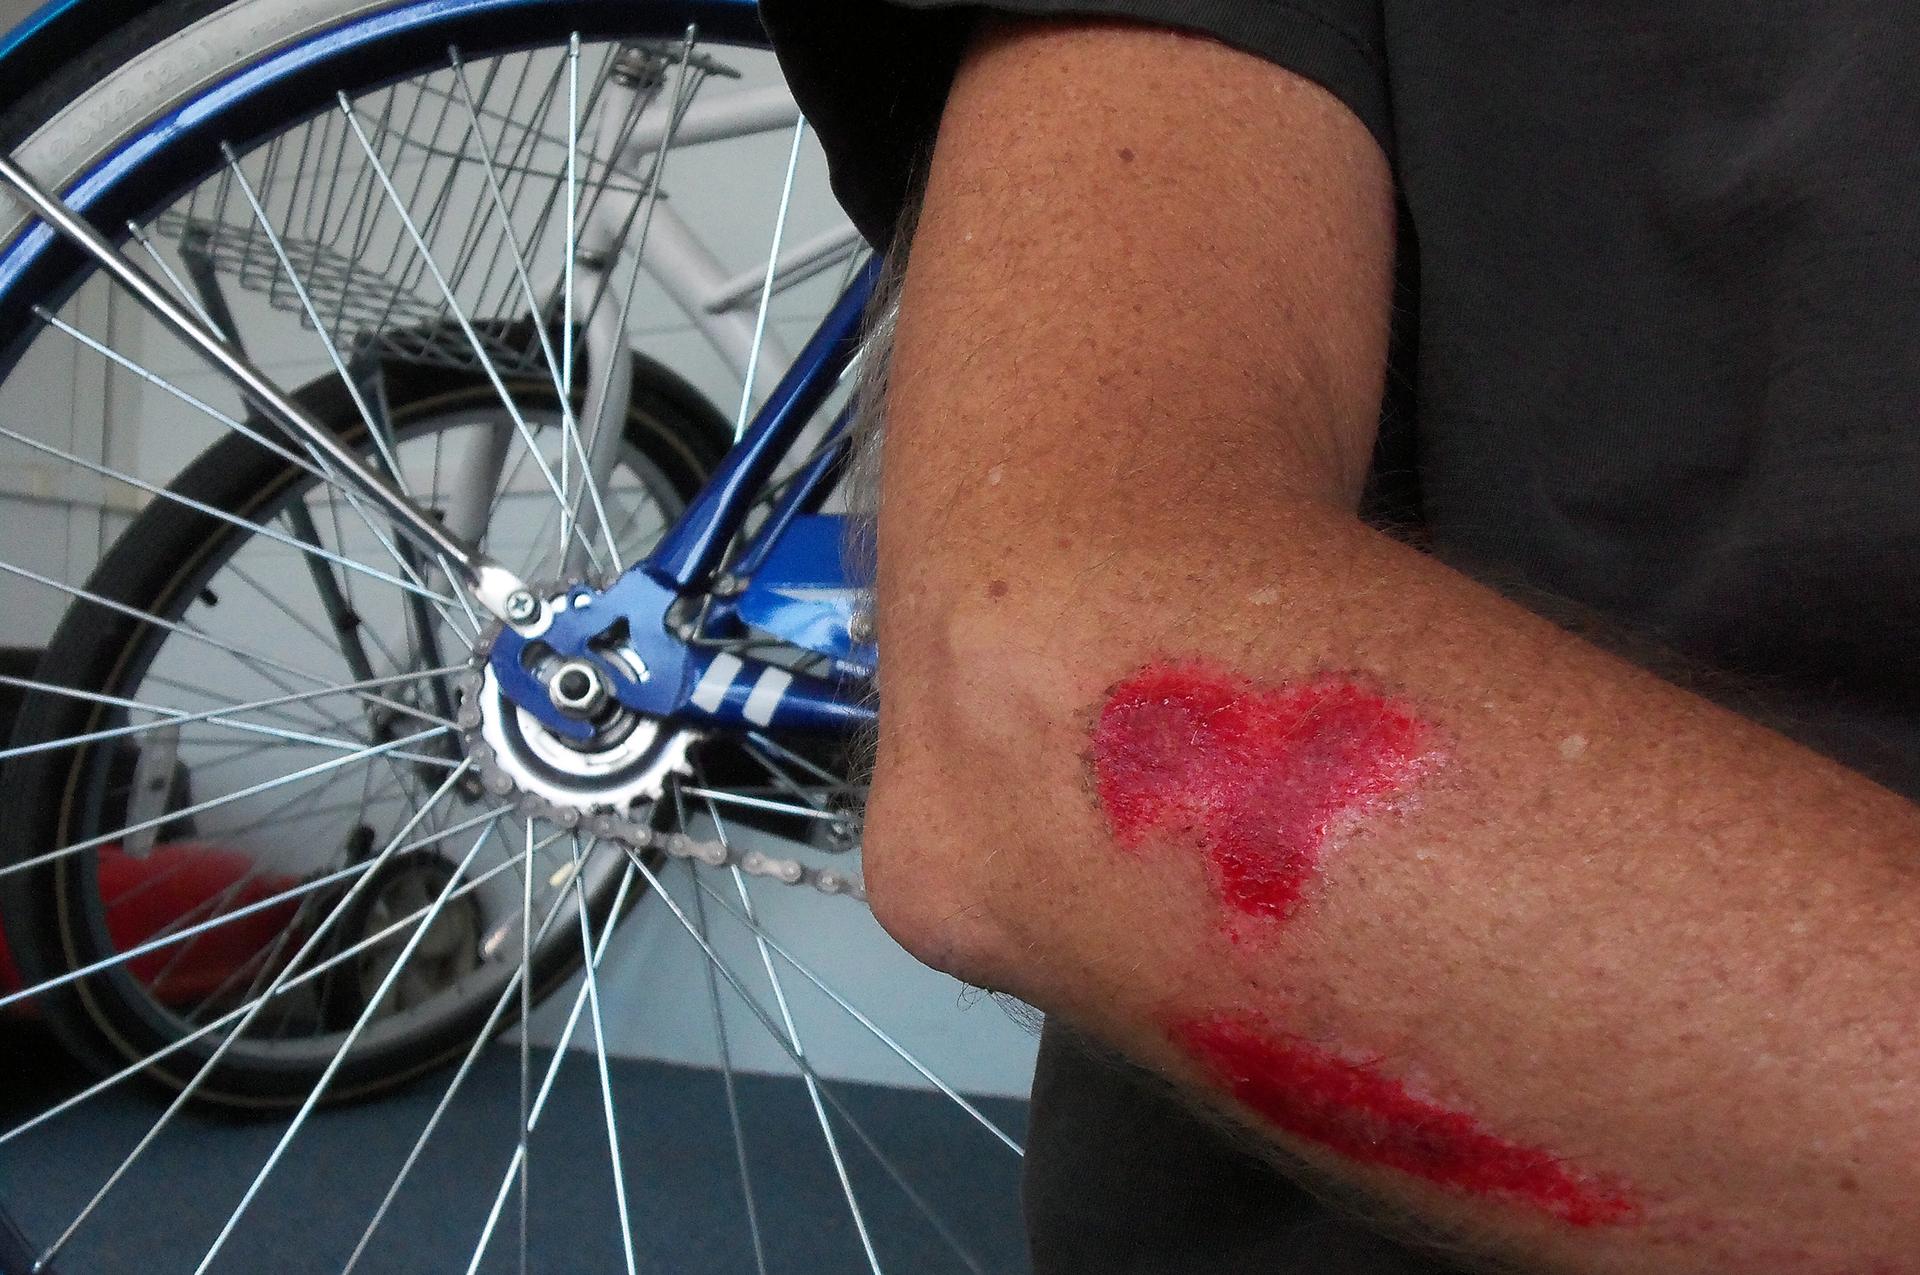 Galeria siedmiu zdjęć prezentujących różne rodzaje ran. Zdjęcie numer jeden przedstawia otarcie skóry. Zbliżenie prawej ręki. Na przedramieniu tuż poniżej łokcia zaczerwienione otarcia skóry. Wtle zdjęcia stojące rowery.
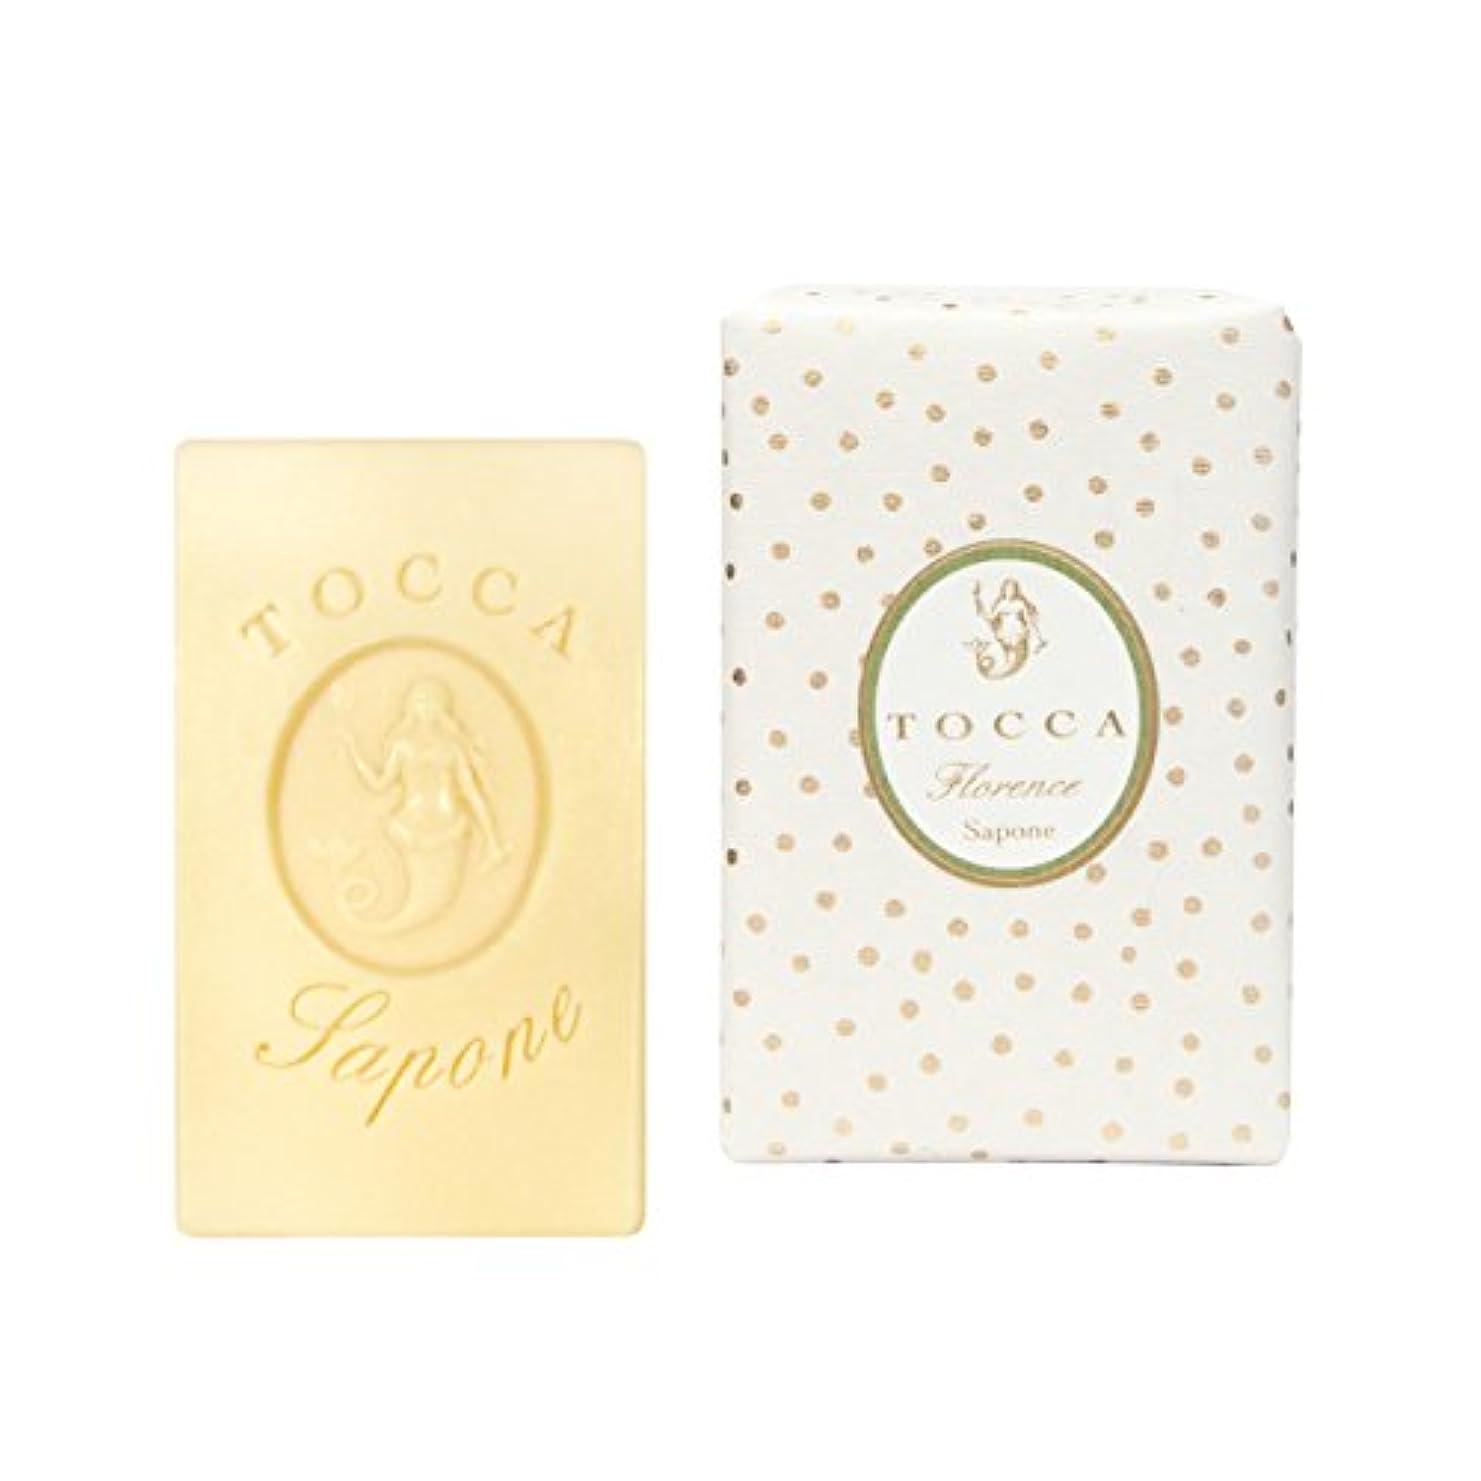 人道的勧める社会トッカ(TOCCA) ソープバーフローレンスの香り 113g(石けん 化粧石けん ガーデニアとベルガモットが誘うように溶け合うどこまでも上品なフローラルの香り)
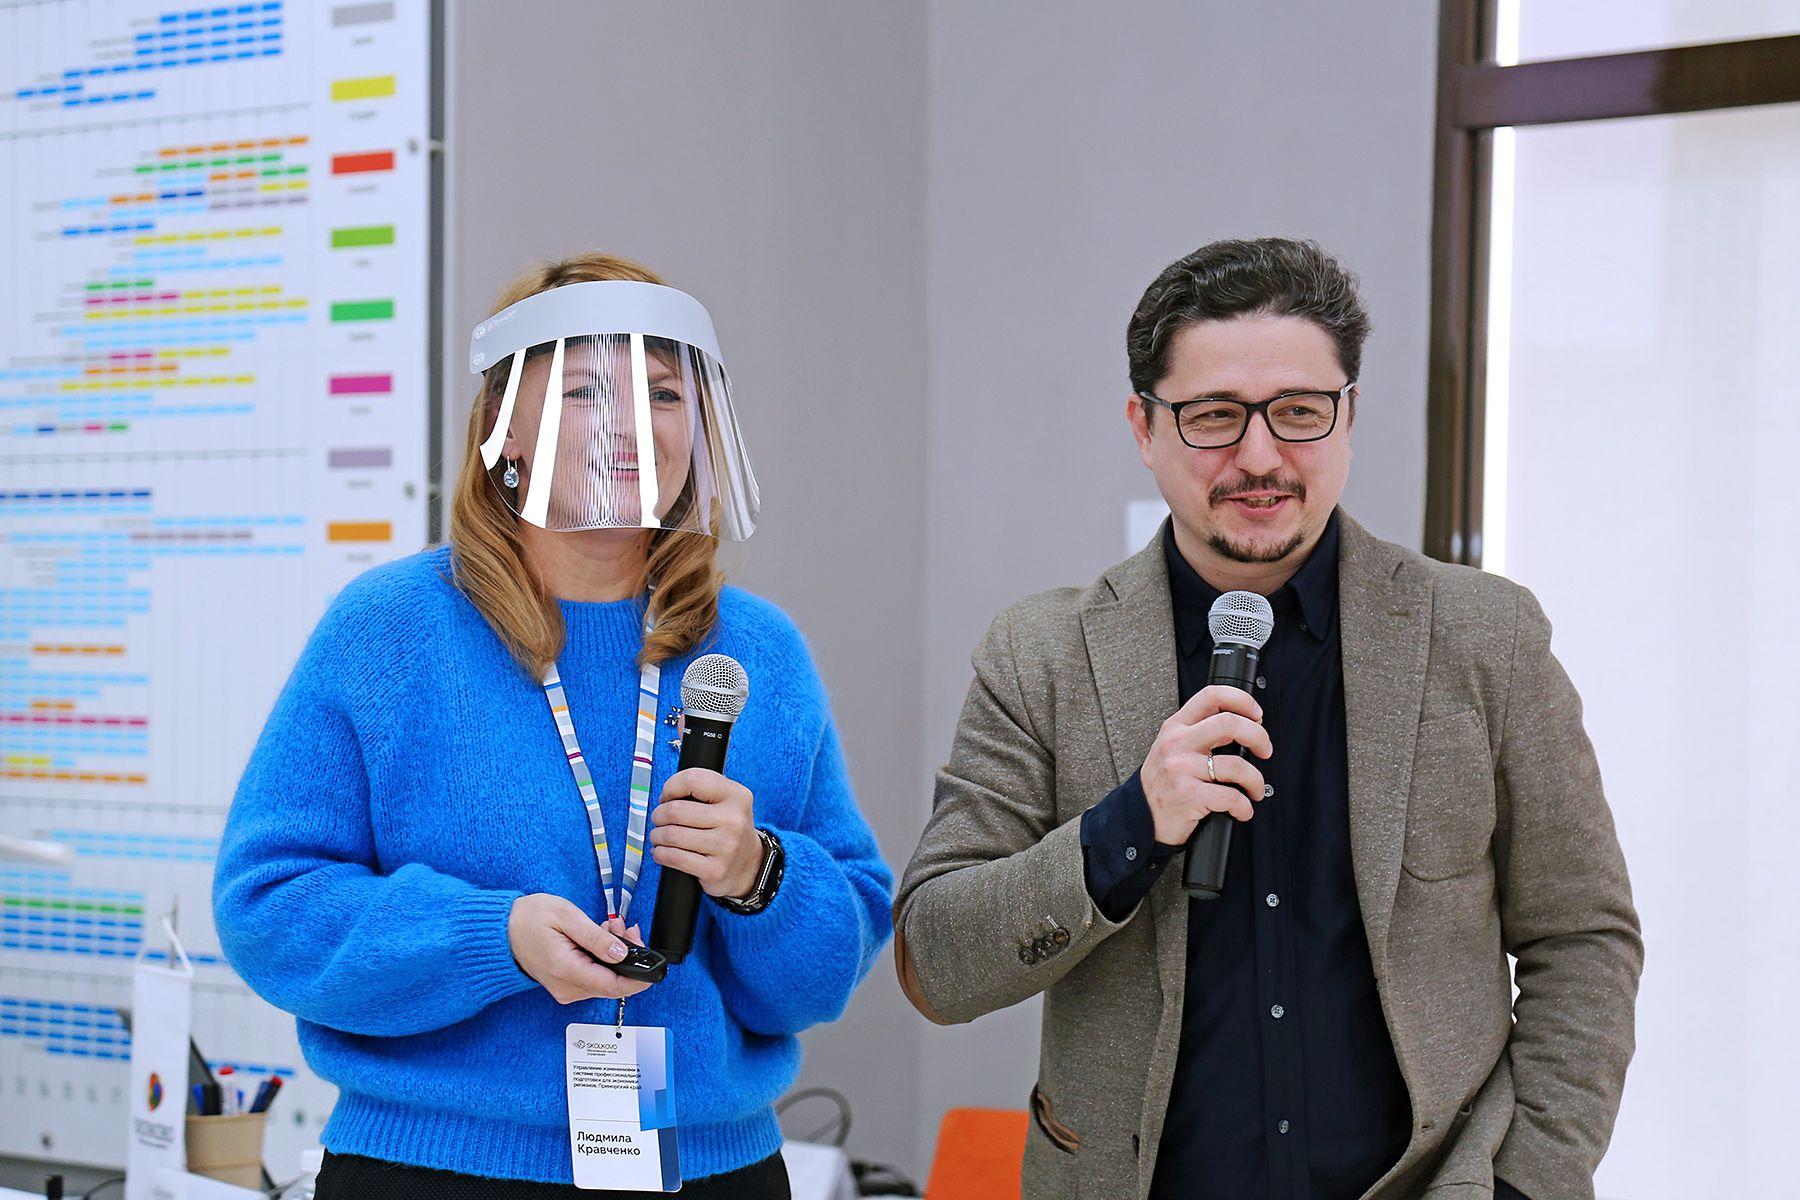 Команда ВГУЭС защитила проект корпоративного университета подготовки специалистов для туристического кластера «Приморье»

▶ [DIRECTIONS FOR THIS TASK] What should appear is an exact reproduction of the lines from the one with "人道的勧める社会トッカ(TOCCA) ソープバーフローレンスの香り 113g(石けん" through the end of the material above, and no pictures.

▶ [SOLUTION TO THIS EXERCISE]
 人道的勧める社会トッカ(TOCCA) ソープバーフローレンスの香り 113g(石けん 化粧石けん ガーデニアとベルガモットが誘うように溶け合うどこまでも上品なフローラルの香り)
 Команда ВГУЭС защитила проект корпоративного университета подготовки специалистов для туристического кластера «Приморье»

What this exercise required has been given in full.